*** Opening Record excerpts ***
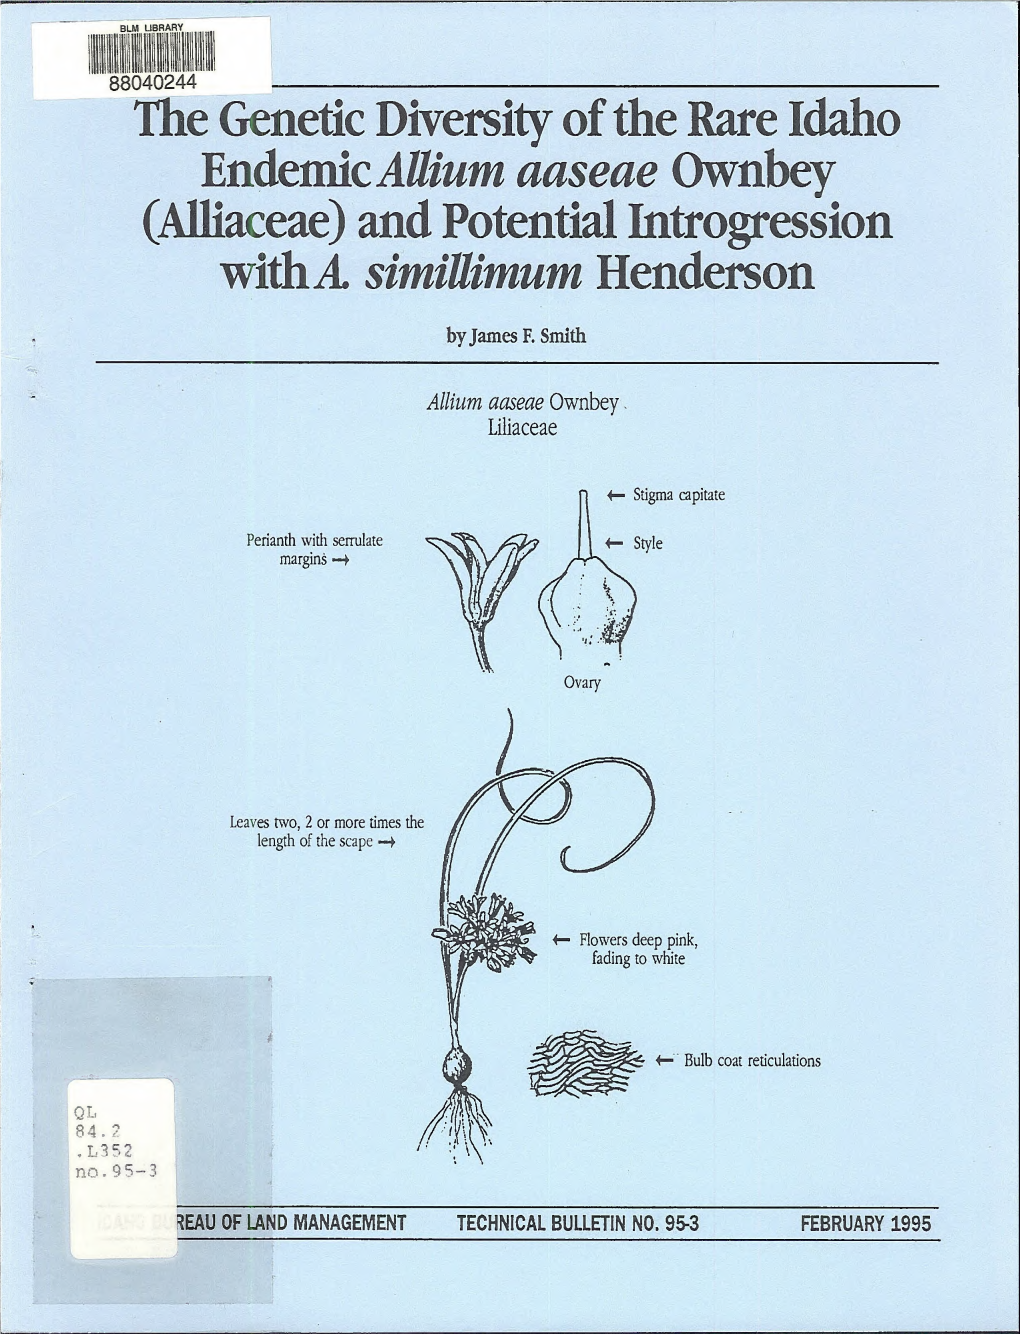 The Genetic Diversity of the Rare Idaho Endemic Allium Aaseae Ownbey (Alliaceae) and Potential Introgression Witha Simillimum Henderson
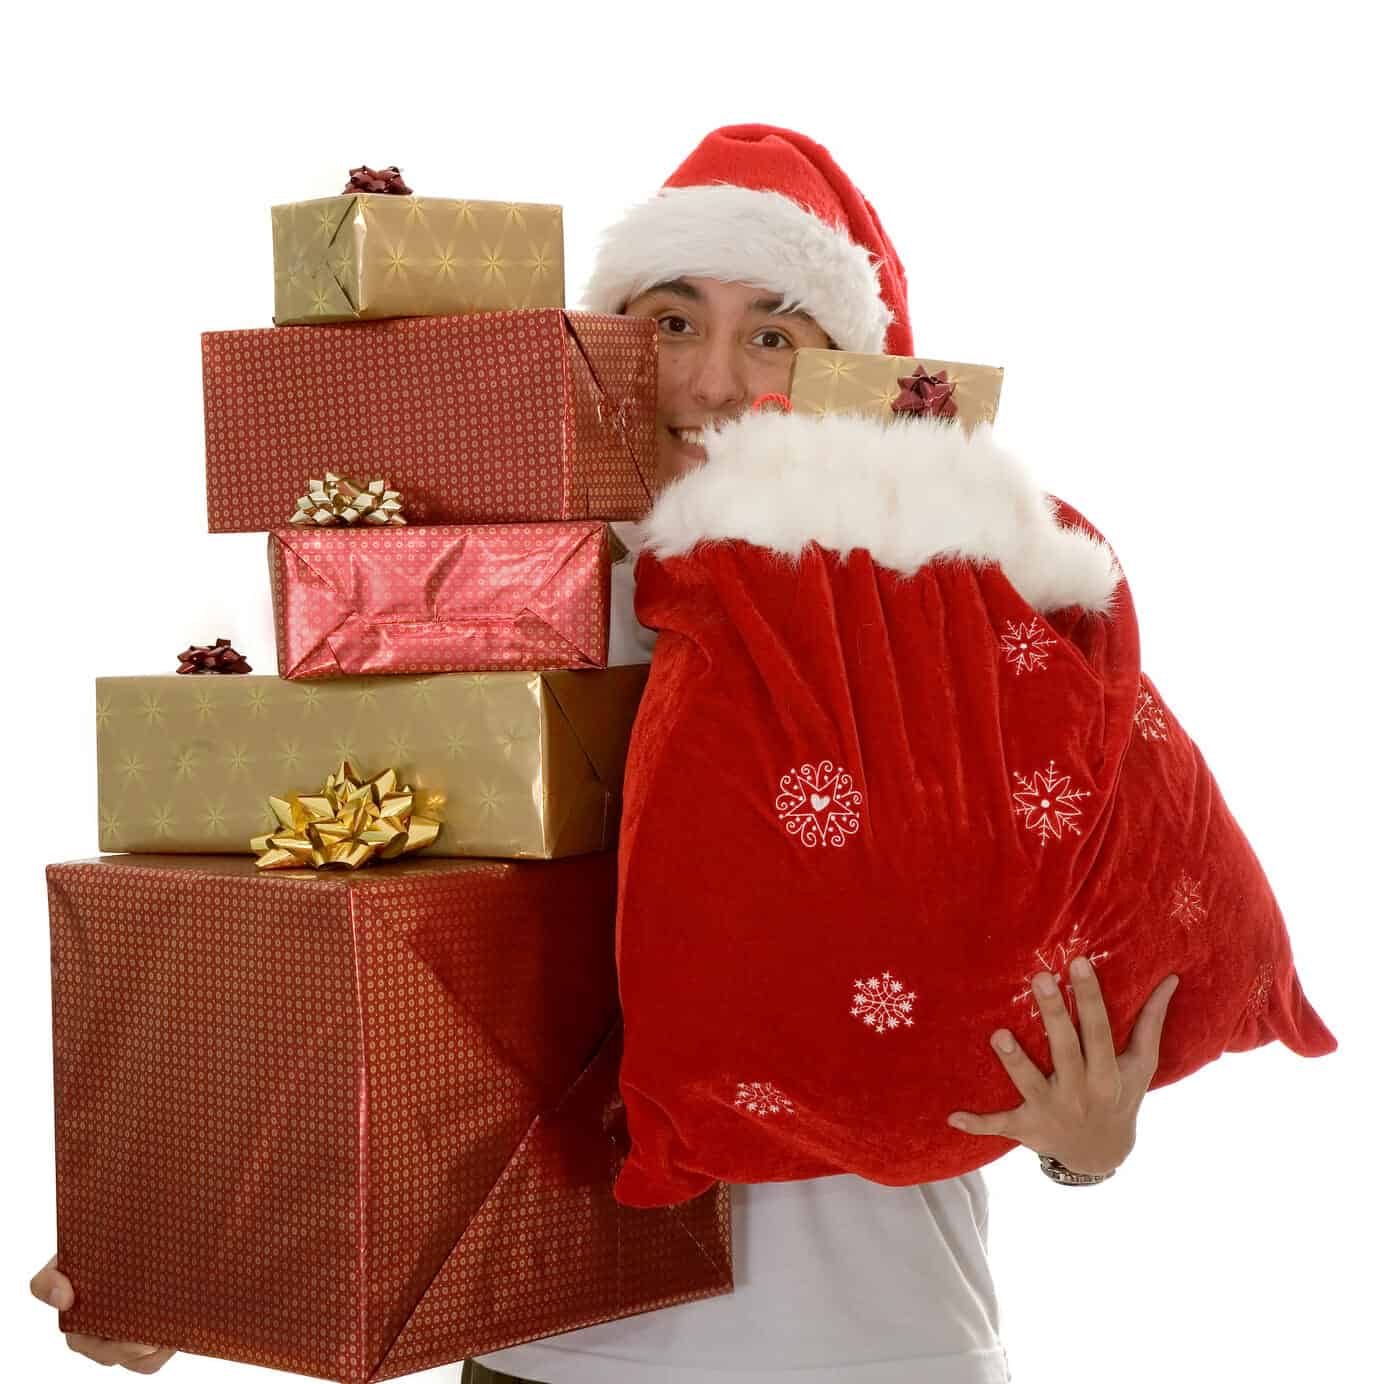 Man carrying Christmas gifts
*** Closing Record excerpts ***
*** Opening Record excerpts ***
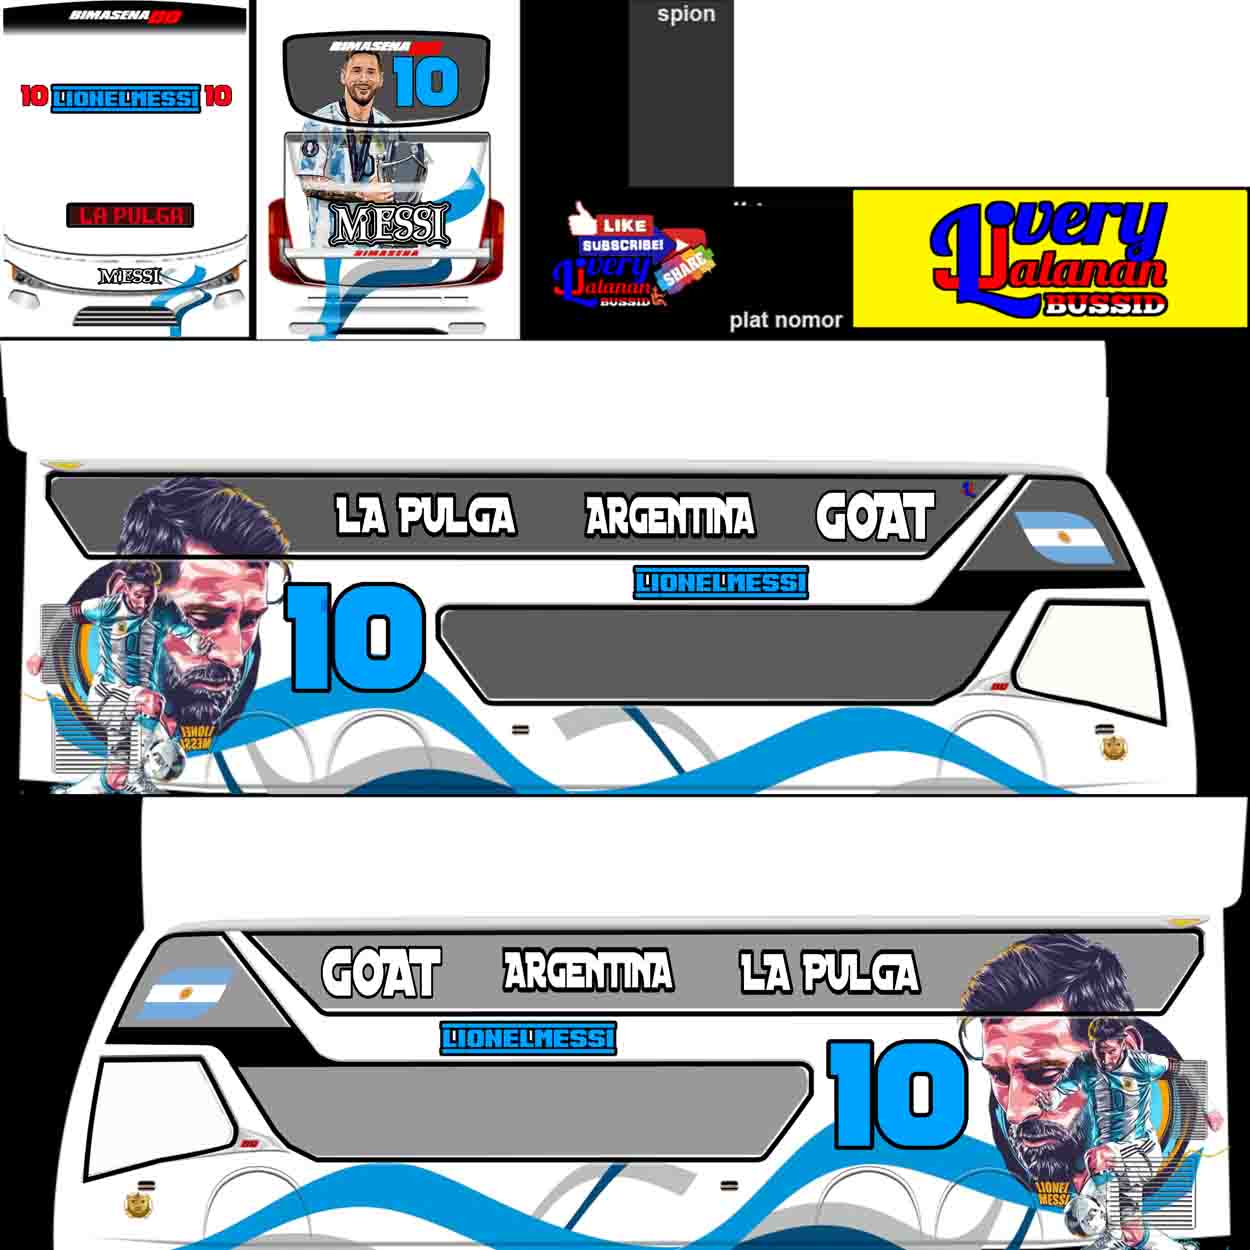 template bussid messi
*** Closing Record excerpts ***
*** Opening Record excerpts ***
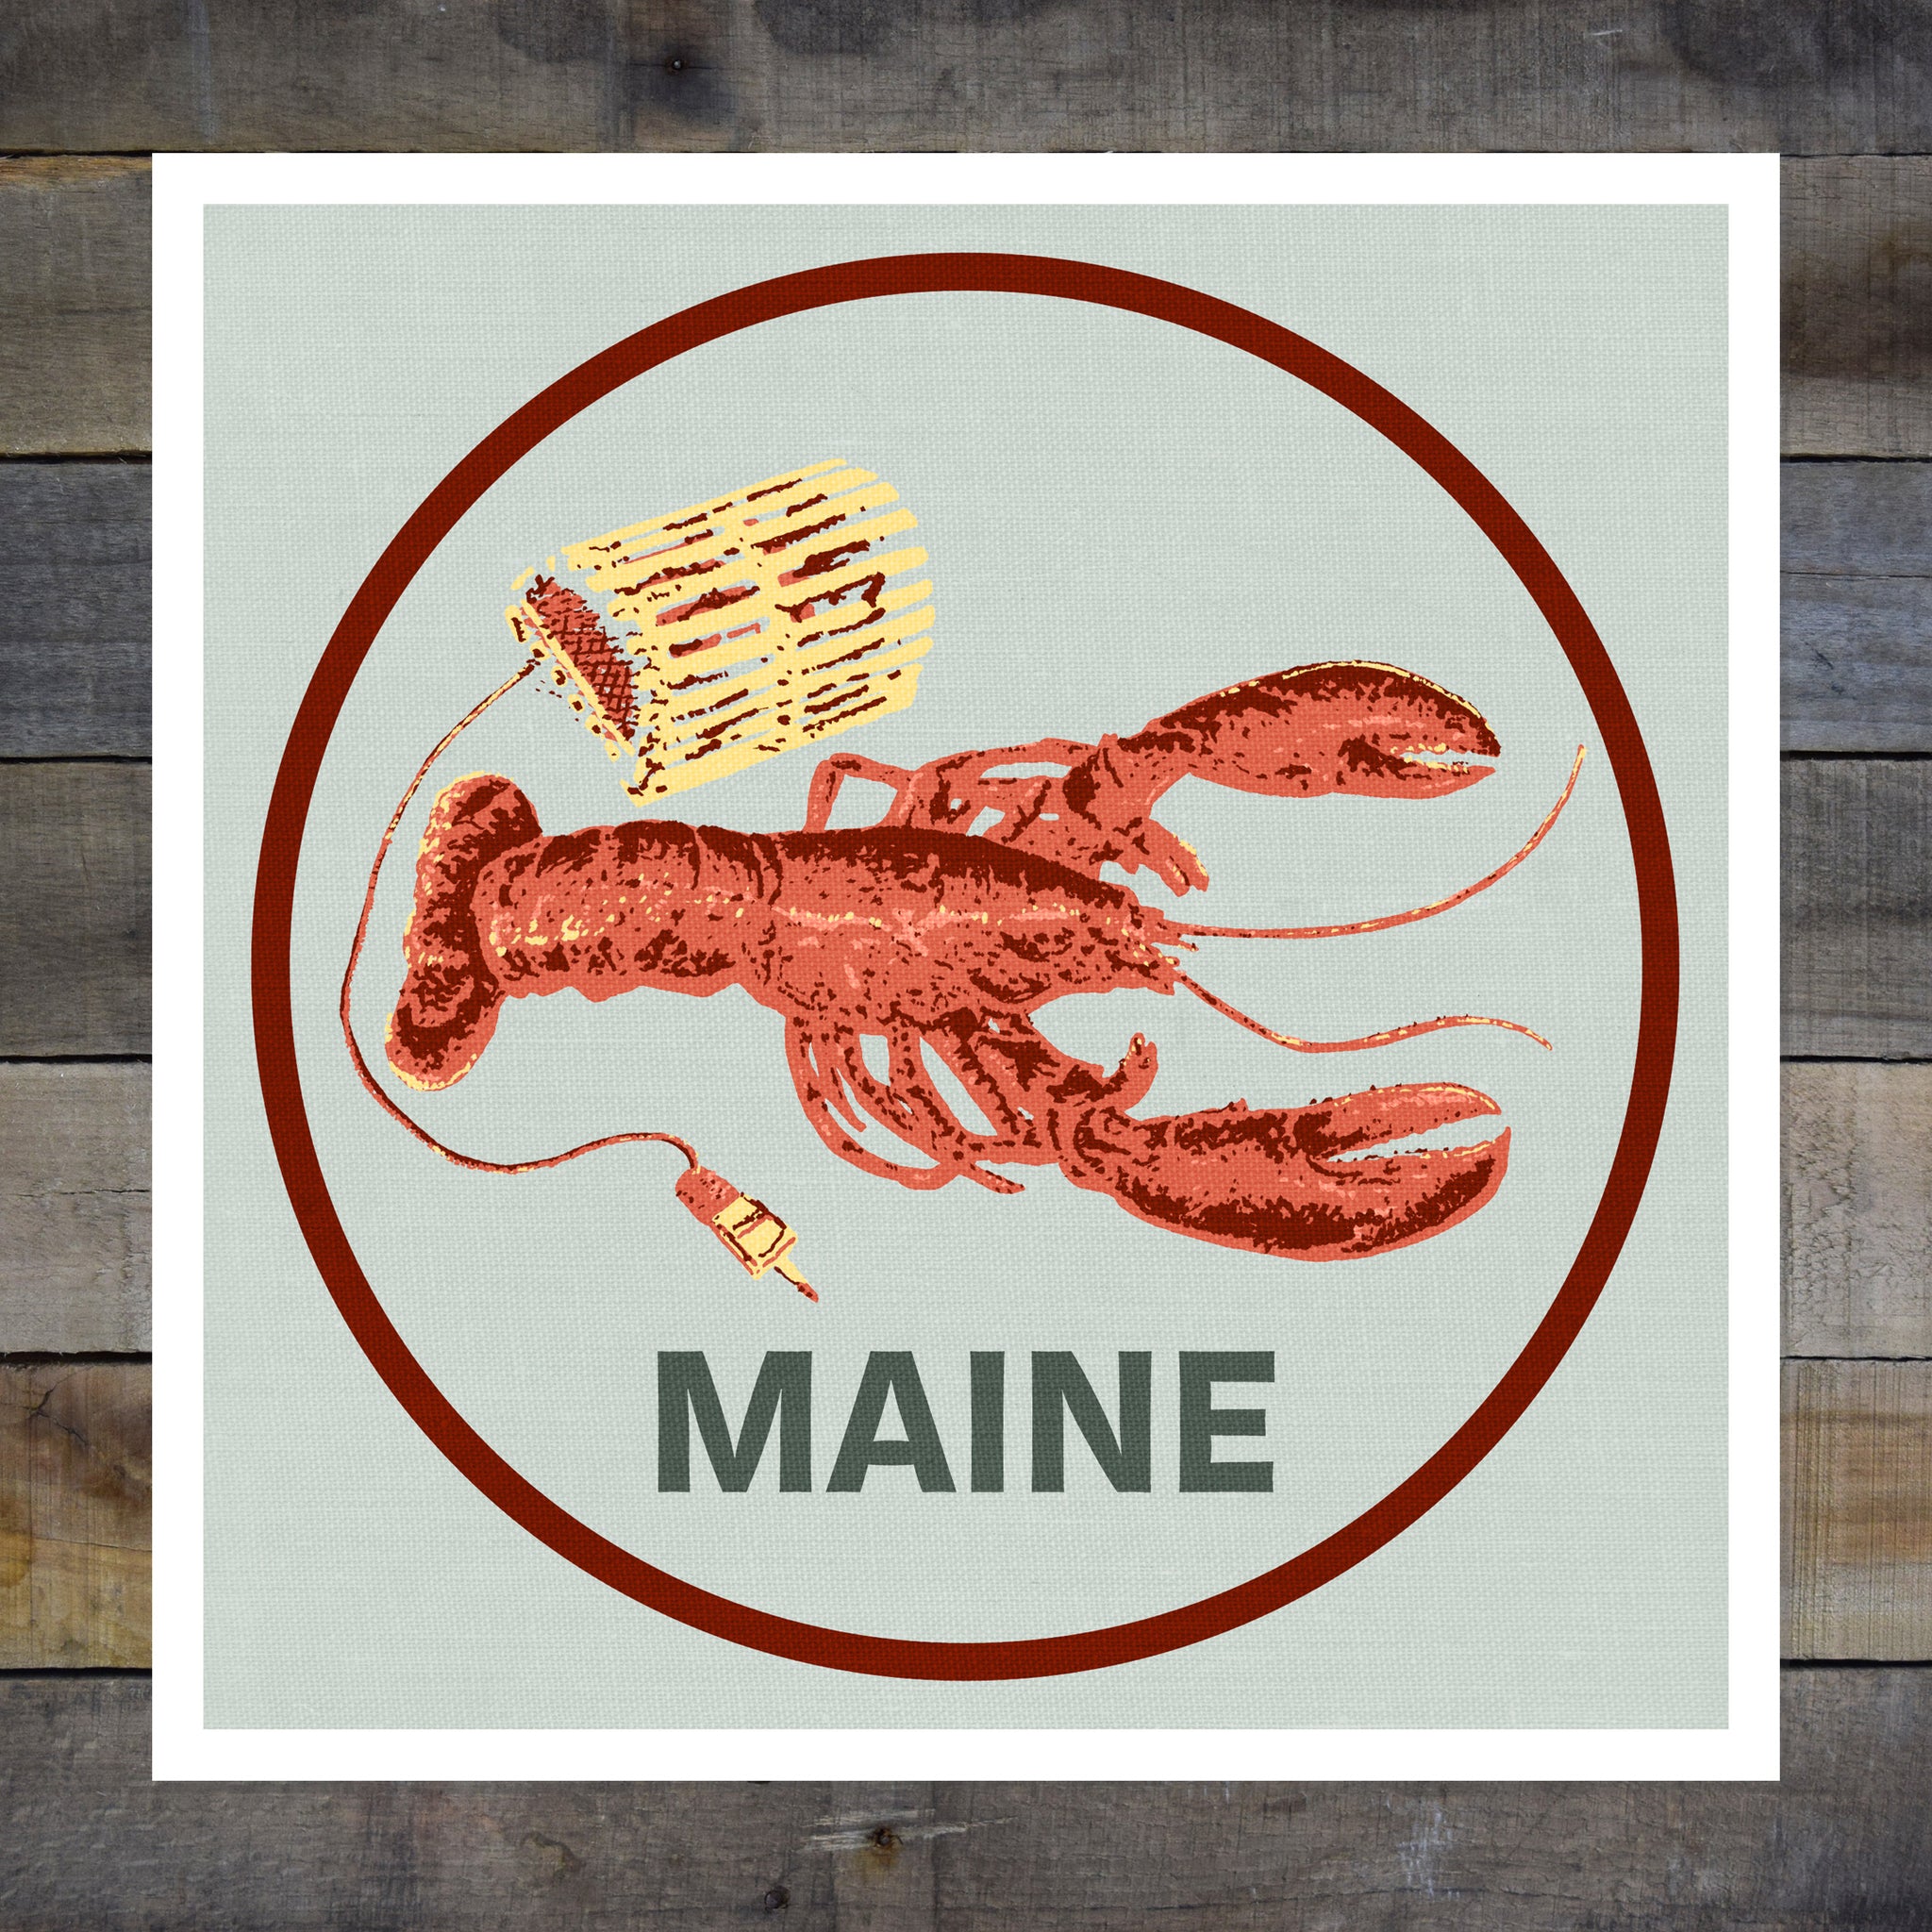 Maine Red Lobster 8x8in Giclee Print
*** Closing Record excerpts ***
Given the records above, return the lines starting at the one that holds "The Genetic Diversity" and ending at the one that holds "Man carrying Christmas gifts", exactly, and nothing besides; leave every picture out.

Your response ▸
 The Genetic Diversity of the Rare Idaho Endemic Allium Aaseae Ownbey (Alliaceae) and Potential Introgression Witha Simillimum Henderson
 Man carrying Christmas gifts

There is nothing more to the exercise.